I was surprised to find Leah wasn't following me out the house. At least that might mean she is warming up to the vampires. As I started driving along the freeway on my motorbike, all I was thinking about was how all my family would be there in my room, crying and telling themselves that this all can't have just happened. Carlisle is there I know trying to see if he can do anything, but really, I think we are all too late. Maybe I should just kill myself now, so I could be with her? Now thinking about it all it doesn't really sound like a bad idea, but that would just mean putting other's lives in danger and we don't want that, do we? Never mind, we're coming up to the house now. There were a lot of cars packed around the house, now including my motorbike. I knew this all would be hard, having to always feel like crying every two seconds, but that just seems to be my life now.

As I stopped the engine of the motorcycle, out of the corner of my eye I noticed Alice step out from the front door of my house.

"Can I have a word before you go in, Jake?" Alice asked me, reminding me that Renesmee is still left inside dying, because of my mistake.

"Why, has she finally gone?" I asked getting off the vehicle accidently dropping it on the ground, and walking over to her, shaking in fear that I had missed her last moments.

"I just wanted to tell you something you should know about." She started to say, as my knees started to give way again, panicking on the idea of what she was about to say. "I haven't told anyone this, Jacob, and I just hope this was the right thing to do. Just please don't kill me when I tell you, please?" Alice said as I now looked into her bright yellow pleading eyes.

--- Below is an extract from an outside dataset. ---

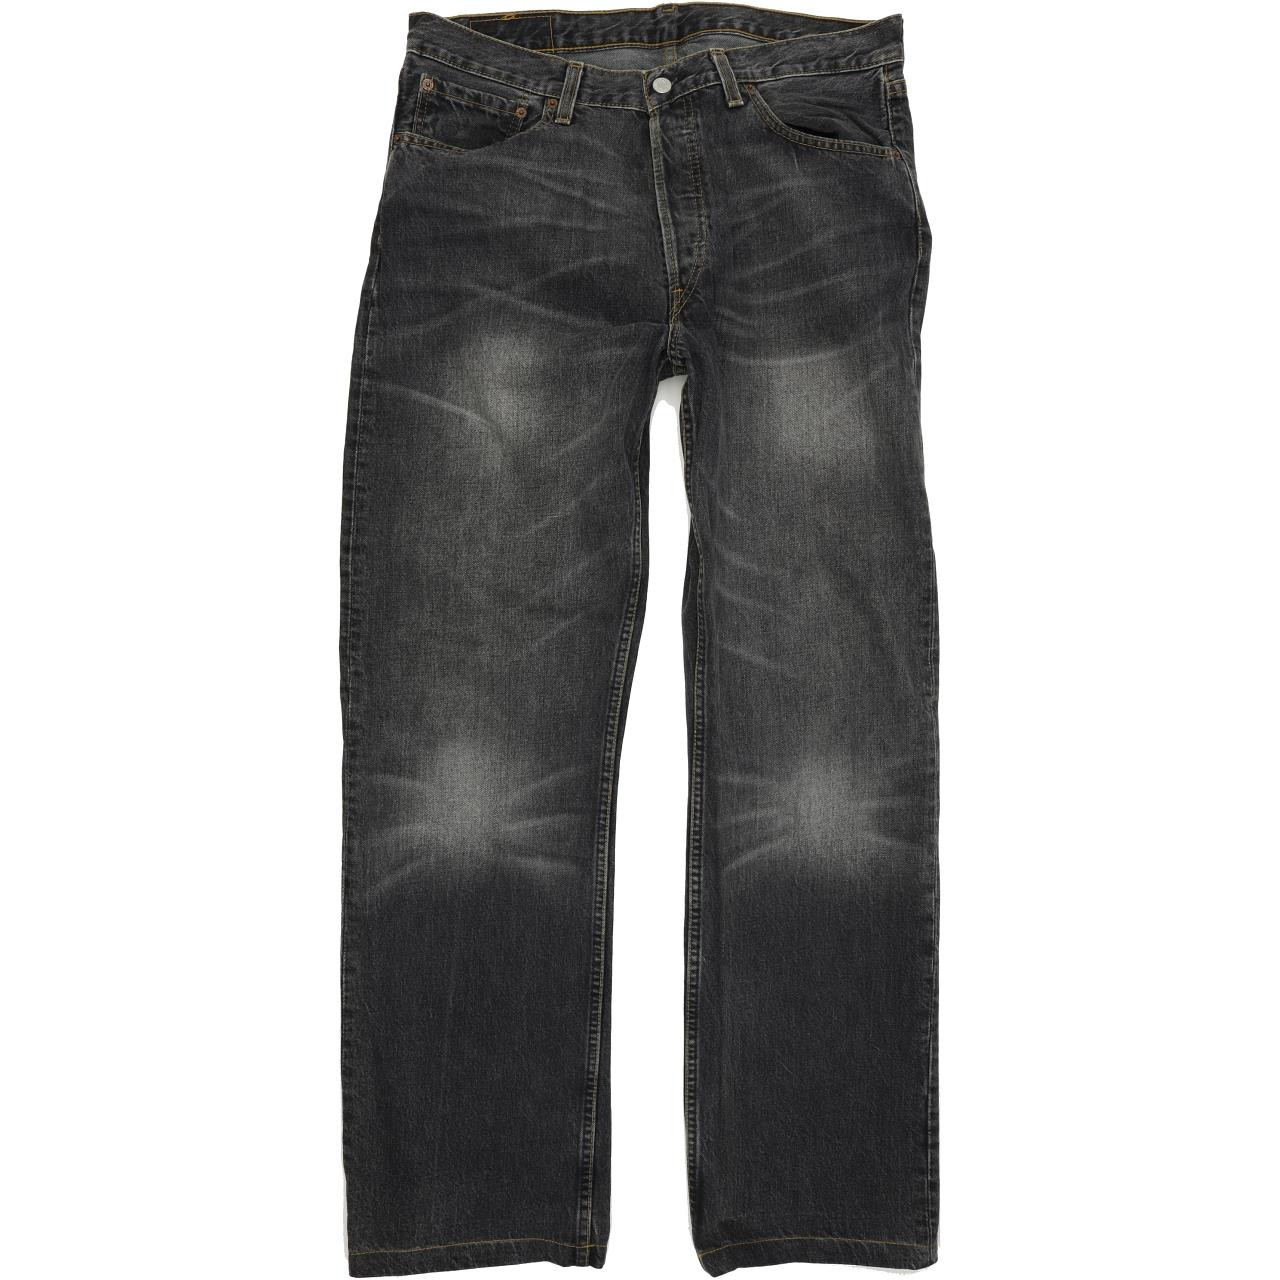 Levi's 508 Men Charcoal Straight Regular Jeans W33 L33 | Fabb Fashion

I just nodded my head slowly, looking down at the floor getting ready to hear what she was about to say. "Jasper is right, it isn't one of us, but it must be one of you, so do you remember anyone who had a liking to Renesmee besides yourself?" She looked at me, but I just shock my head, if there was someone then she would have told me about them by now, wouldn't she, I just thought it was always me, but maybe Renesmee is hiding an important secret from me?

"What are you meaning, Alice? What has she not told me about?" I now looked at her hoping Renesmee hasn't have lied to me. I thought all relationships were built on trust, or was ours not?

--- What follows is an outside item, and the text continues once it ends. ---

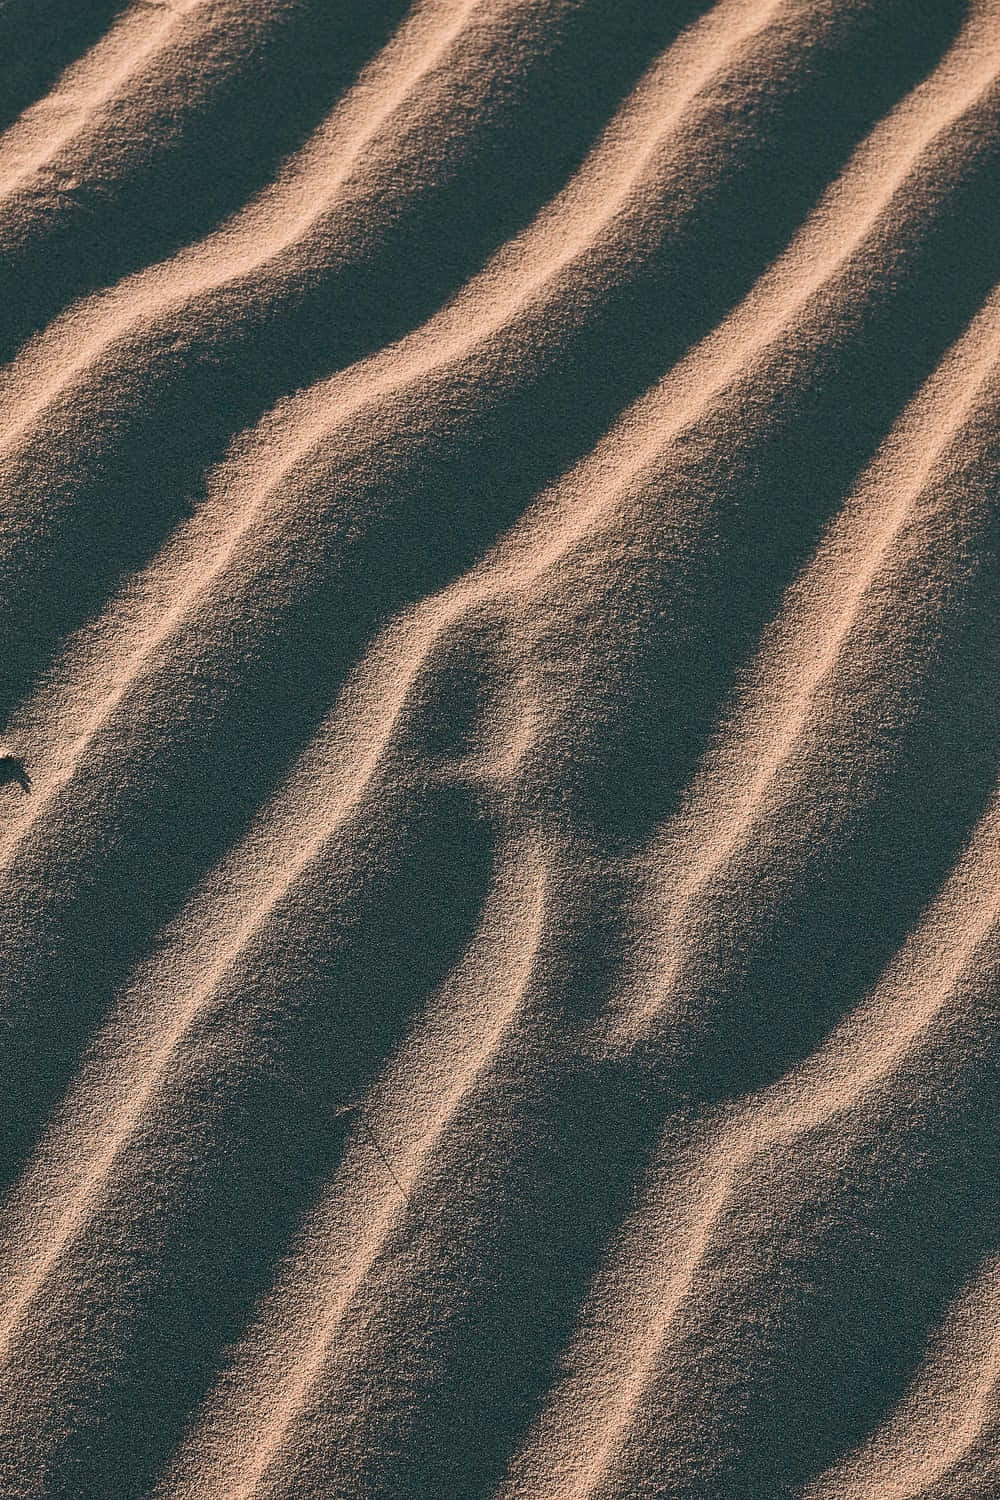 Desert Sand Wave Original Iphone 5s Background

"I'm sorry, Jacob, I'm so, so sorry. I thought Renesmee had told you this, but I guess not." She looked at me and then I just couldn't take it anymore. I stormed off behind her, through into the house, not saying a word. I could tell she was shocked, but then I got the feeling she was expecting that reaction from me. I was all mixed emotions right now, and I have no idea how much more I can take any longer. I wish I could go back to when everything was going to plan and was all perfect. Right now, it felt like every good thing was being taken away from me. The more I tried to make it better, the more it back fired on me.

The sounds of people crying, and the sound of people shouting at each other, lead me to my room. I could tell Renesmee was still here as our gravity pull got stronger and stronger as I walked more towards my room. As people started noticing my appearance as I got into the hallway everyone started to move out and give me some space. My head was still down looking towards the floor not wanting to see there crying faces just yet. When the last person left I was now on my knees right next to her at her bed side. I had the feeling whatever Carlisle tried to do he couldn't save her. Now, it was my turn to try. This all can't be my end with her; I started thinking in my head. I never pictured myself going to do this. Saving the love of my life was never on my bucket list, but I could add it on now, I guess. What would happen if I couldn't save her? Could I live with myself being alone forever? I just couldn't go and believe that thought was about to become real. Really, all I wanted was to hear Renesmee telling me that everything is going to be okay and we would get through this, together.